I would NOT pay over $500. I got Suri at 18 months for half of what they are asking and the breeder was really torn - she even drove and met me half way....several hours. Her goal was to place her in a good home. Suri was also a show dog which the breeder had $$ invested and still charged WAY LESS - she was also obedience trained. Her goal was not money. IMO - theirs is for that price.


----------



## puppylove (Aug 9, 2009)

I would say not more than a couple of hundred dollars. That's how much most rescues would ask for an older dog. It's outrageous that they need to find a good home 'urgently' yet expect to make a few bucks on the family member they are abandoning. I hope they don't get rewarded for their lack of compassion.


----------



## Vibrant (Dec 7, 2009)

I think the owner is being responsible by asking a fairly high rehoming fee. They obviously don't want someone coming along and looking for a bargain, and not taking dog ownership seriously.
I think $1000 is a bit steep, but you also need to look at the fact that you'll not have to pay to have her spayed, or have her puppy shots. She may have some obedience training behind her.
Ask if you can have her stay with you a few days, and if she fits with your family then you decide what she's worth to you. I'm sure a responsible owner would be open to offers if they felt the new home was good for their dog.


----------



## Scoots (Jan 9, 2010)

Jessie's Mom said:


> who had the dog up until now?


She's been with the same owner (a family with two young kids) since she was 8 weeks old. They got her from the breeder.


----------



## markfsanderson (Oct 25, 2009)

*Rehoming Fee . . .*



Scoots said:


> She's been with the same owner (a family with two young kids) since she was 8 weeks old. They got her from the breeder.

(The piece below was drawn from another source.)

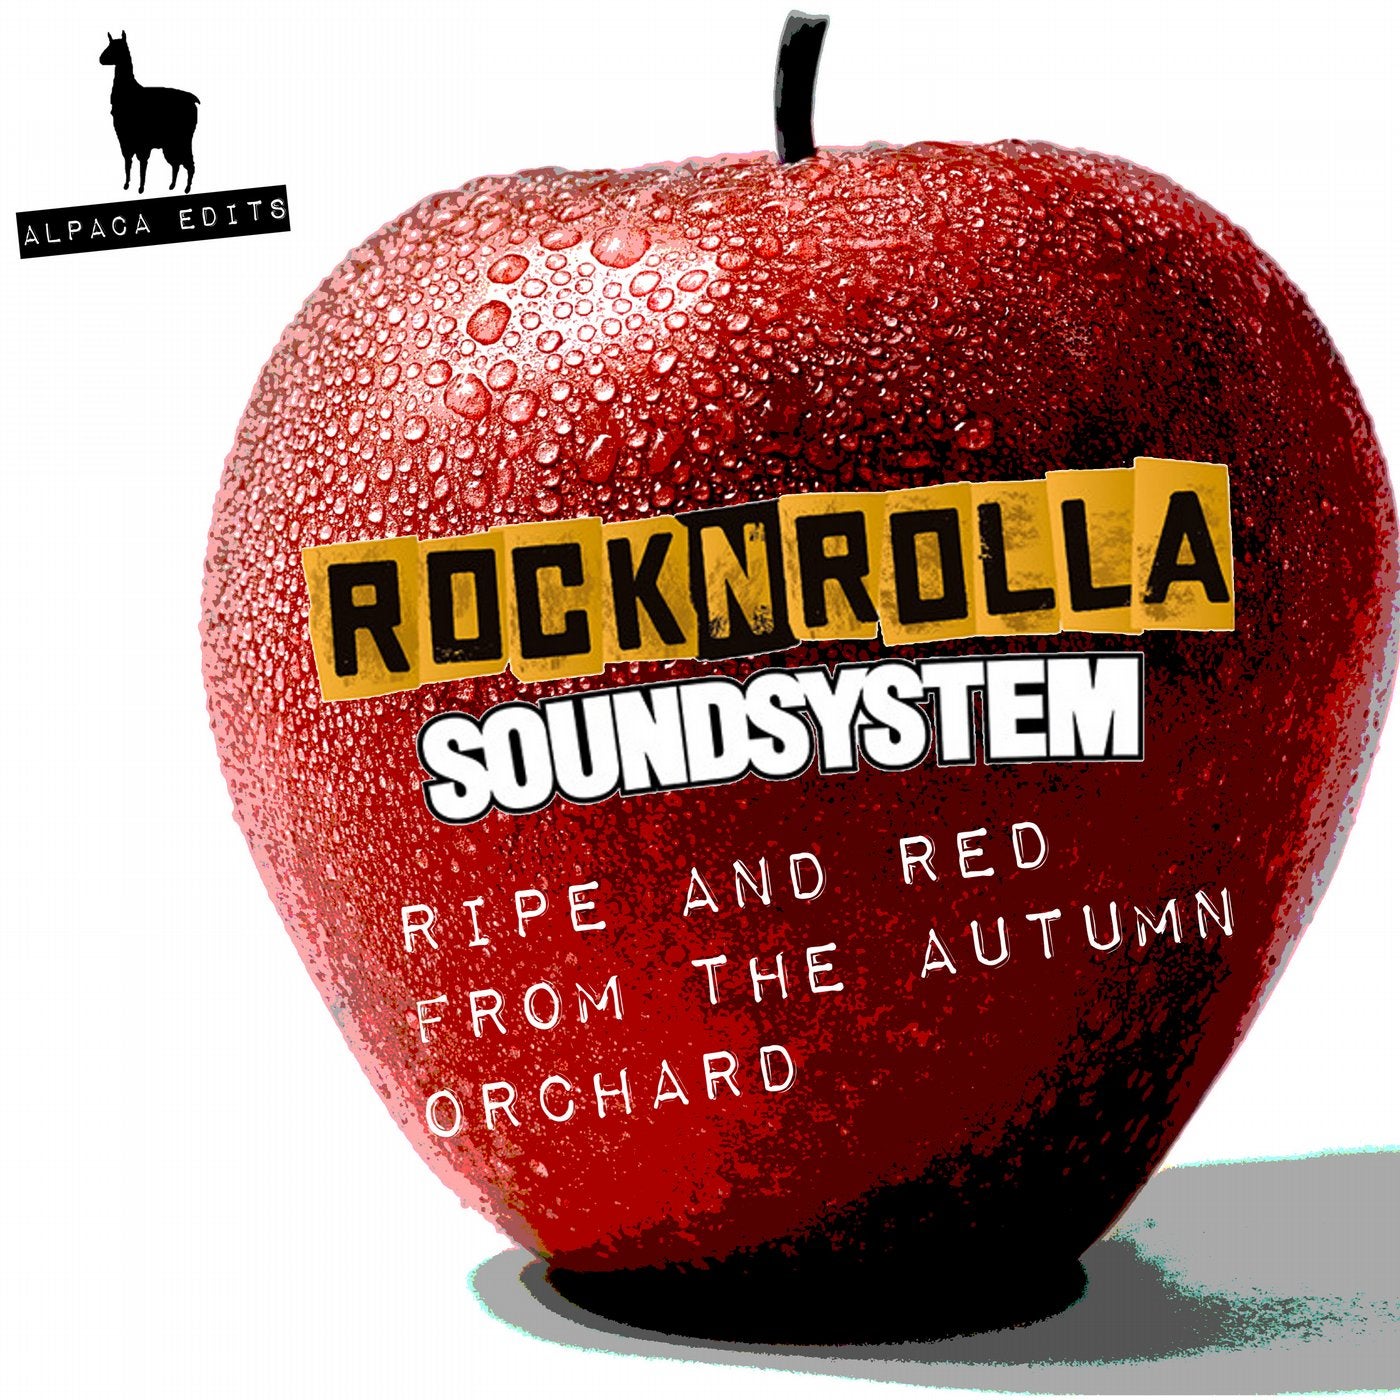 RocknRolla Soundsystem music download - Beatport
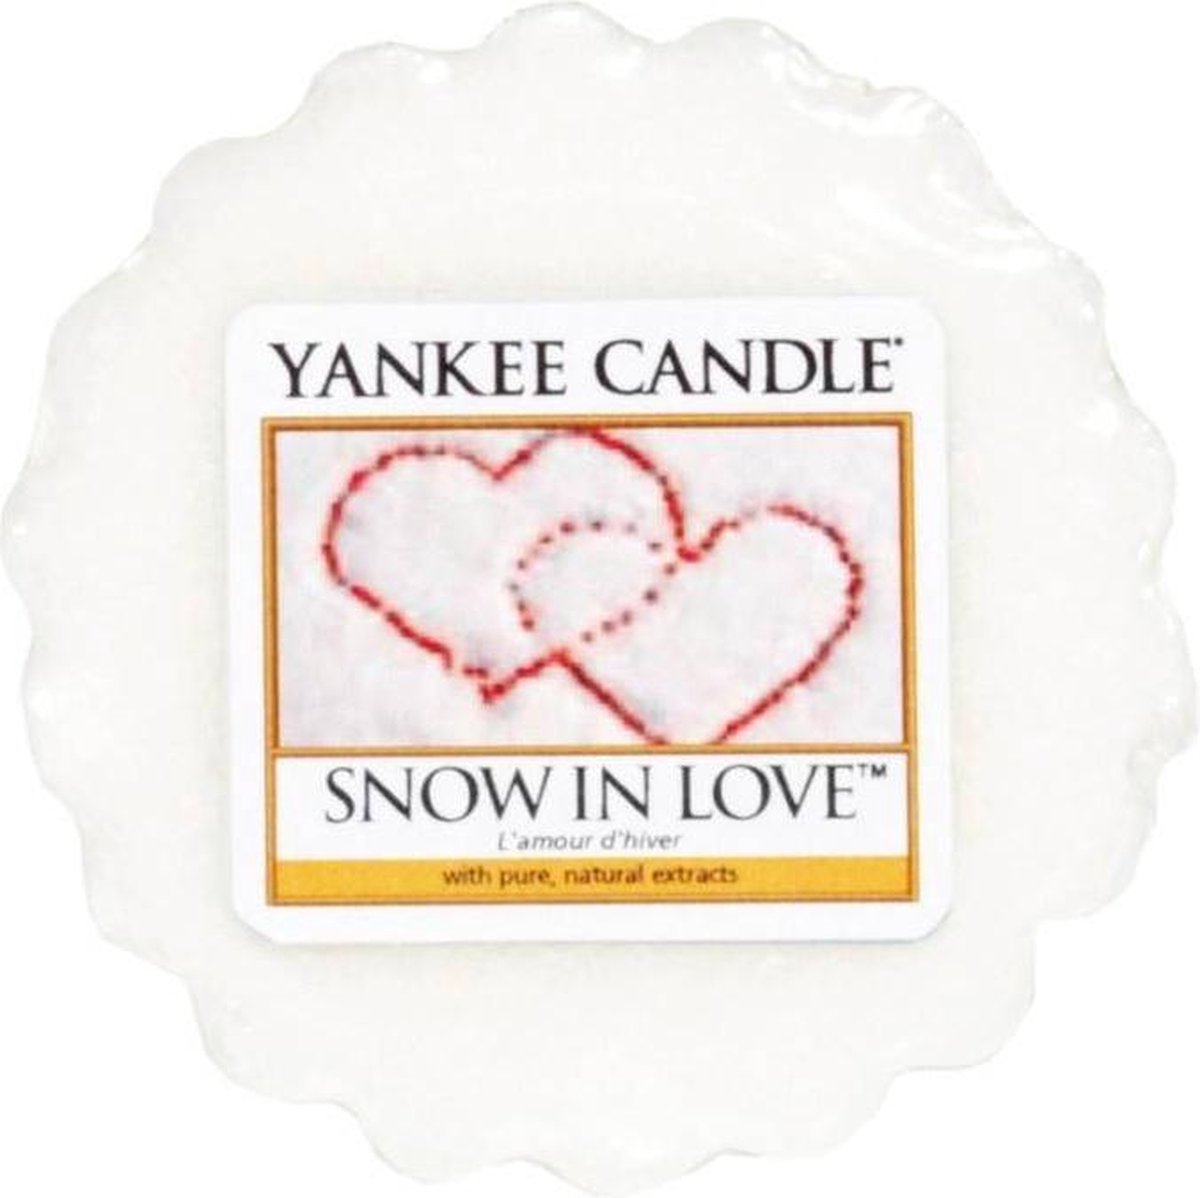 Yankee Candle Snow In Love Tart

I'm assuming that these are in Canadian Dollars? I'm not sure what the conversion rate is, but I'd try calling the rescue place that I suggested earlier and find out what the customary re-homing fee is. Remember, poodle rescue is a *charity* - their only goal is to get the dog a good home and try to recoup some of the expenses. 
I would suggest that you arrange with the current owners a gift to their favorite charity (preferably animal) for an amount that doesn't exceed the customary re-homing fee for your area. Call rescue organizations to verify these fees. I'm not sure if you can 'write it off' in Canada, but it would be a charitable donation. You could have the charity write the receipt out in their name. I believe that to be a fair solution.hwell:

Mark, Jamie and The Poodle Gangsters!


----------



## 1Jurisdiva (May 4, 2010)

I too think $1000 dollars is a lot to ask. I can see charging enough to get only people seriously interested in the dog, but $1,000 dollars seems more that they are trying to be made whole from the initial cost of the puppy. Personally if I had to rehome my dog and felt confident in the rehome family I don't think I would charge much at all - as I would rather they spend the money caring my dog. That said, if you meet the dog and you get that "it's meant to be" feeling when pet fate intervenes, then I would do it and chalk the money up to having a dog that's already neutered, housebroken ect.


----------



## neVar (Dec 25, 2009)

$1000 is out of line IMO. that's beyond a "lets make sure they can afford a dog, and appreciate it not an impulse thing" 

i wouldn't go above $500 personally. that's with papers being transferred. (So you can do things like obedience etc) 

most rescues in canada are in the 200-300 range (no papers) i think going a bit above that is OK. Especially if the dog is spayed etc.


----------



## PaddleAddict (Feb 9, 2010)

I think they are asking a lot of money for a dog they are voluntarily giving up. If it were me (god forbid), I would want the new owenr to spend their money on my DOG, not give it to me. What purpose does this serve but to recoup their costs? Giving the dog up is their choice, and they should swallow their financial losses and be greatful the dog is finding a good, permanent home.

I would offer a donation to an animal charity in their name, perhaps a few hundred dollars.


----------



## wishpoo (Sep 12, 2009)

From a buyer's prospective - I would give about 500 $ (maybe more) for a 2 year old dog that is spayed, taken care of, socialized, of a great temperament, healthy and very, very pretty !!!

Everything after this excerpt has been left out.